原发性免疫调节失调症(PIRD)是一组影响炎症和免疫耐受平衡控制的单基因疾病。原发性免疫调节失调症患者通常以自身免疫或高炎症症状为主要临床特征就诊,常见症状包括发热、皮疹、淋巴结病、器官肿大、关节炎和结肠炎。值得注意的是,PIRD 与原发性免疫缺陷症(PIDD)不同,后者主要是指免疫力在质或量上的缺陷,表现为易反复感染。PIDD 和 PIRD 的临床表现可能很相似,因此很难区分。PIRDs 的信号包括:同一患者有多个自身免疫性诊断、慢性淋巴结病、肝肿大和/或脾肿大、慢性结肠炎、嗜血细胞淋巴组织细胞增多症(HLH)、Epstein Barr 病毒(EBV)易感性、反复或持续发热、血管炎和无菌性炎症。在这篇简短的综述中,为简便起见,我们将 PIRD 的讨论范围限制在以下几类:多种自身免疫性疾病、结肠炎免疫调节失调、HLH 和/或 EBV 易感性疾病、自身炎症综合征、1 型干扰素病和无菌性炎症疾病。诊断 PIRD 需要对免疫系统缺陷和炎症进行广泛的免疫评估,同时进行基因检测。鉴于这些疾病的复杂性,治疗通常需要一个亚专科医生团队。根据具体的诊断结果,治疗方法可能是经验性的非特异性免疫调节剂、症状导向疗法,严重的病例还可能需要进行造血干细胞移植;不过,随着生物制剂的日益增多,我们通常能够使用靶向免疫疗法甚至基因疗法。

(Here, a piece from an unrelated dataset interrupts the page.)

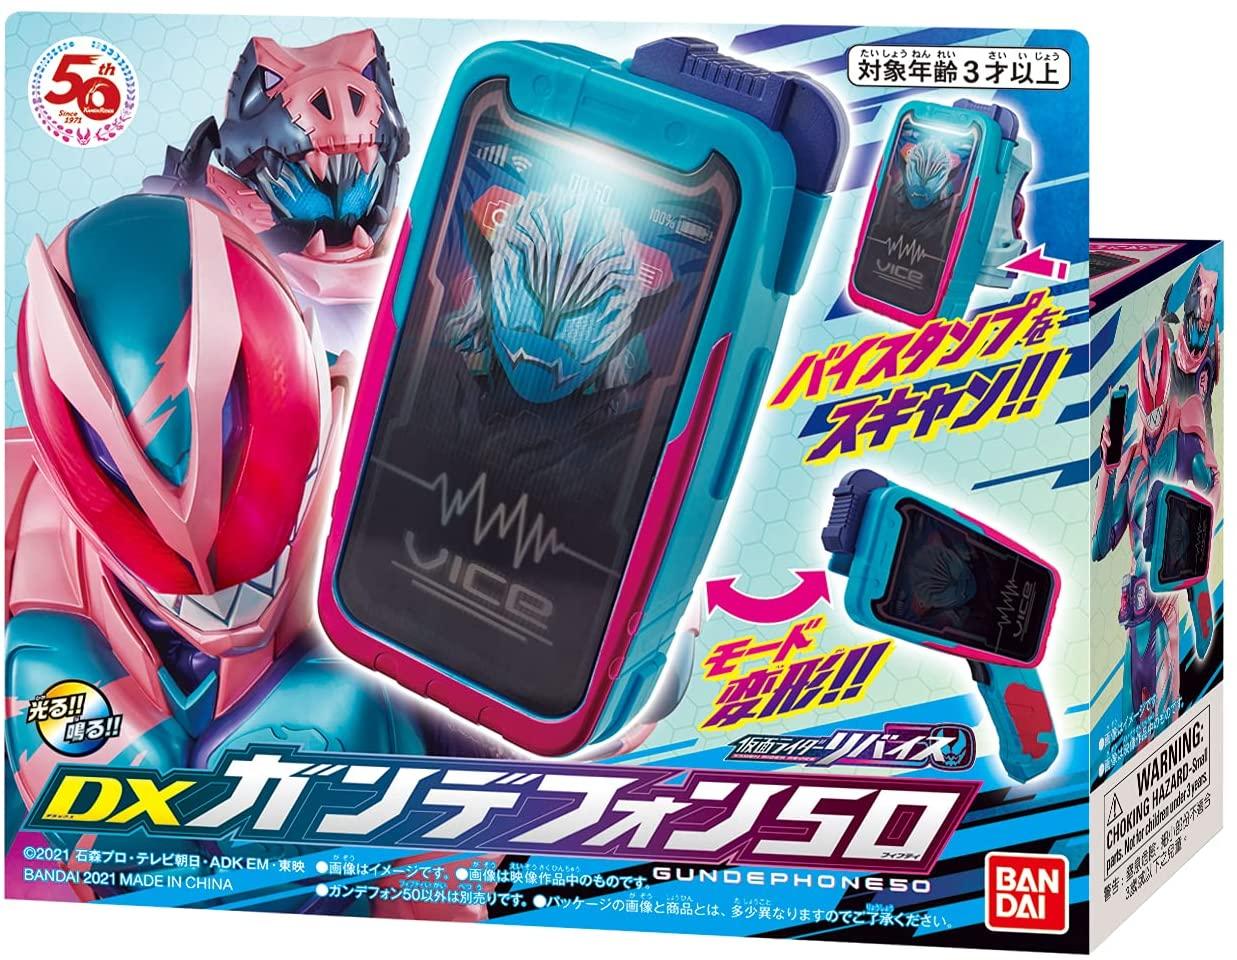 仮面ライダーリバイス「DXガンデフォン50」が9月25日発売!

本文章由计算机程序翻译,如有差异,请以英文原文为准。
求助全文
约1分钟内获得全文 去求助
来源期刊
自引率
0.00%
发文量
0
期刊最新文献
Real-world outcomes in patients with hereditary angioedema prescribed lanadelumab versus other prophylaxis. Protective antibody concentrations in primary immunodeficiency following infusion with 5% or 10% intravenous immunoglobulin. Immunodeficiency: Overview of primary immune regulatory disorders (PIRDs). Essentials of an immunodeficiency primer: A practical reference for the allergist/immunologist and the allergy-immunology fellow-in-training (FIT). Immunodeficiency: Gene therapy for primary immune deficiency.
×
引用
GB/T 7714-2015
复制
MLA
复制
APA
复制
导出至
BibTeX EndNote RefMan NoteFirst NoteExpress
×
×
提示
您的信息不完整,为了账户安全,请先补充。
现在去补充
×
提示
您因"违规操作"
具体请查看互助需知
我知道了
×
提示
现在去查看 取消
×
提示
确定
0
微信
客服QQ
Book学术公众号 扫码关注我们
反馈
×
意见反馈
请填写您的意见或建议
请填写您的手机或邮箱
已复制链接
已复制链接
快去分享给好友吧!
我知道了
×
扫码分享
扫码分享
Book学术官方微信
Book学术文献互助
Book学术文献互助群
群 号:481959085
Book学术
文献互助 智能选刊 最新文献 互助须知 联系我们:info@booksci.cn
Book学术提供免费学术资源搜索服务,方便国内外学者检索中英文文献。致力于提供最便捷和优质的服务体验。